Distance-Based Common Spatial Patterns

Description

dbcsp is a package which offers a way to apply Distance-Based Common Spatial Patterns (DB-CSP) techniques in different fields, both classical Common Spatial Patterns (CSP) as well as DB-CSP.

Author(s)

Itsaso Rodriguez Moreno itsaso.rodriguez@ehu.eus

Itziar Irigoien itziar.irigoien@ehu.eus

Concepción Arenas carenas@ub.edu

See Also

dbcsp, print, summary, train, selectQ, predict, plot, boxplot

Examples

# There is an example dataset called AR.data shipped with the package.

# It contains the skeleton data extracted from videos of people performing six different actions,
# recorded by a humanoid robot. So, it has 6 different classes.

# As the whole process is performed pairwise, first two classes are selected (some instances are
# saved to use later as test)

handshake <- AR.data$handshake[1:15]
ignore <- AR.data$ignore[1:15]

# Now, the dbcsp object can be created, where q represents the number of vectors used in
# the projection, the obtained filter will have 2*q dimension.

# By default, euclidean distance is used. To change it, just select another distance type.
# A mixture with euclidean distance and another one can be performed too, changing the mixture
# parameter value.

# mydbcsp <- new('dbcsp', handshake, ignore, type="minkowski", p=0.2)

# A user-defined custom distance can be used too.

fn <- function(x, y) mean(1 - cos(x - y))
mydbcsp <- new("dbcsp", X1 = handshake, X2 = ignore, type="fn")

# Regarding the classification, train, predict and selectQ functions can be used.
# An LDA model can be train with the features extracted after performing the CSP, both with the
# train function or using the training=TRUE parameter when creating the dbcsp object

mydbcsp <- new('dbcsp', handshake, ignore, q=10, training=TRUE, fold = 1)

# Once the object is created, print and summary functions can be used to see some details

print(mydbcsp)
summary(mydbcsp)

# The predict function returns the predicted labels for the selected test data.
# And if true_labels are indicated, the obtained accuracy is also printed

handshake_test <- AR.data$handshake[41:45]
ignore_test <- AR.data$ignore[41:45]
test_data <- c(handshake_test, ignore_test)
true_labels <- c(rep('handshake',length(handshake_test)),rep('ignore',length(ignore_test)))
predictions <- predict(mydbcsp, test_data,true_labels)
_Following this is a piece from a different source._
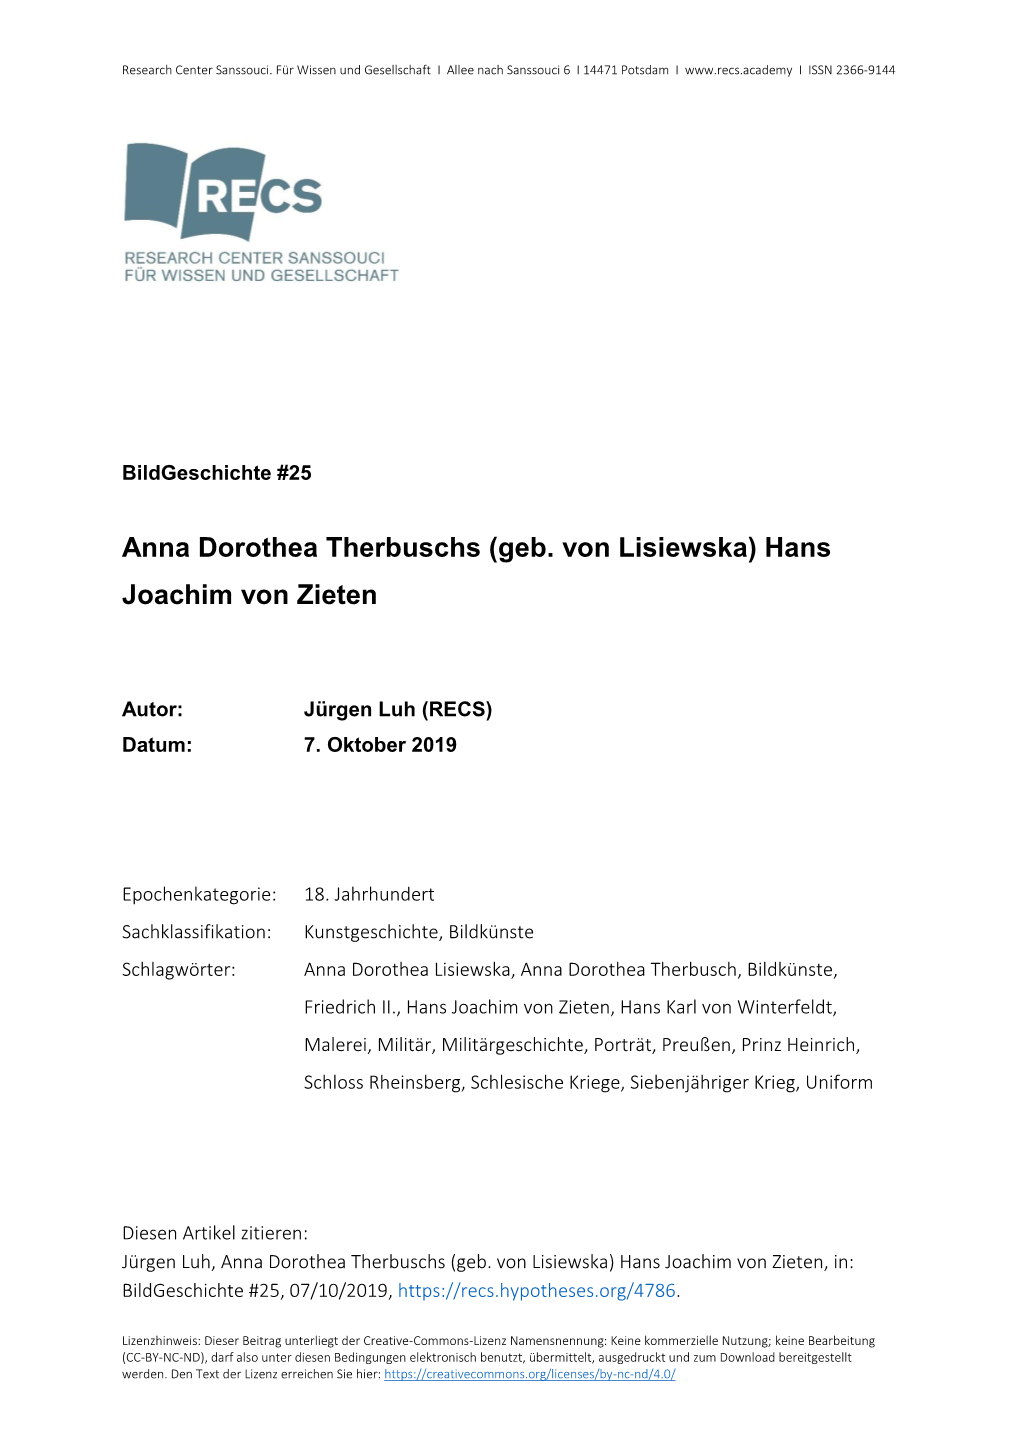 Anna Dorothea Therbuschs (Geb. Von Lisiewska) Hans Joachim Von Zieten

# To help us deciding which is the best dimension to use when performing the CSP algorithm, the
# selectQ function can be used. Instead of using train_size to validate with train/test split,
# cross validation can be performed too.

bestQ <- selectQ(mydbcsp, Q=c(2,3,5), train_size=0.8)

# A plot can also be obtained, which displays the signals before and after the CSP projection
# With the vectors parameter it can be decided which dimensions to show and if we just want to
# plot the transformed signals, the before parameter must be set to FALSE

plot(mydbcsp,class=2,index=1,before=FALSE,vectors = 1:5, legend=TRUE)

# A boxplot can also be obtained to show the features achieved after the CSP (the variances of
# the transformed signals) which are used to perform the classification
# In the CSP algorithm the vectors work in pairs (the first q vectors maximize the variance of
# one class and minimize the variance of the other, while the last q vectors do the opposite),
# by default the vectors are showed in pairs, but this can be changed.
# The logarithm of the variances are plotted, but the value of the variances are shown
# when changing show_log parameter to FALSE

boxplot(mydbcsp, vectors=c(2,4,8))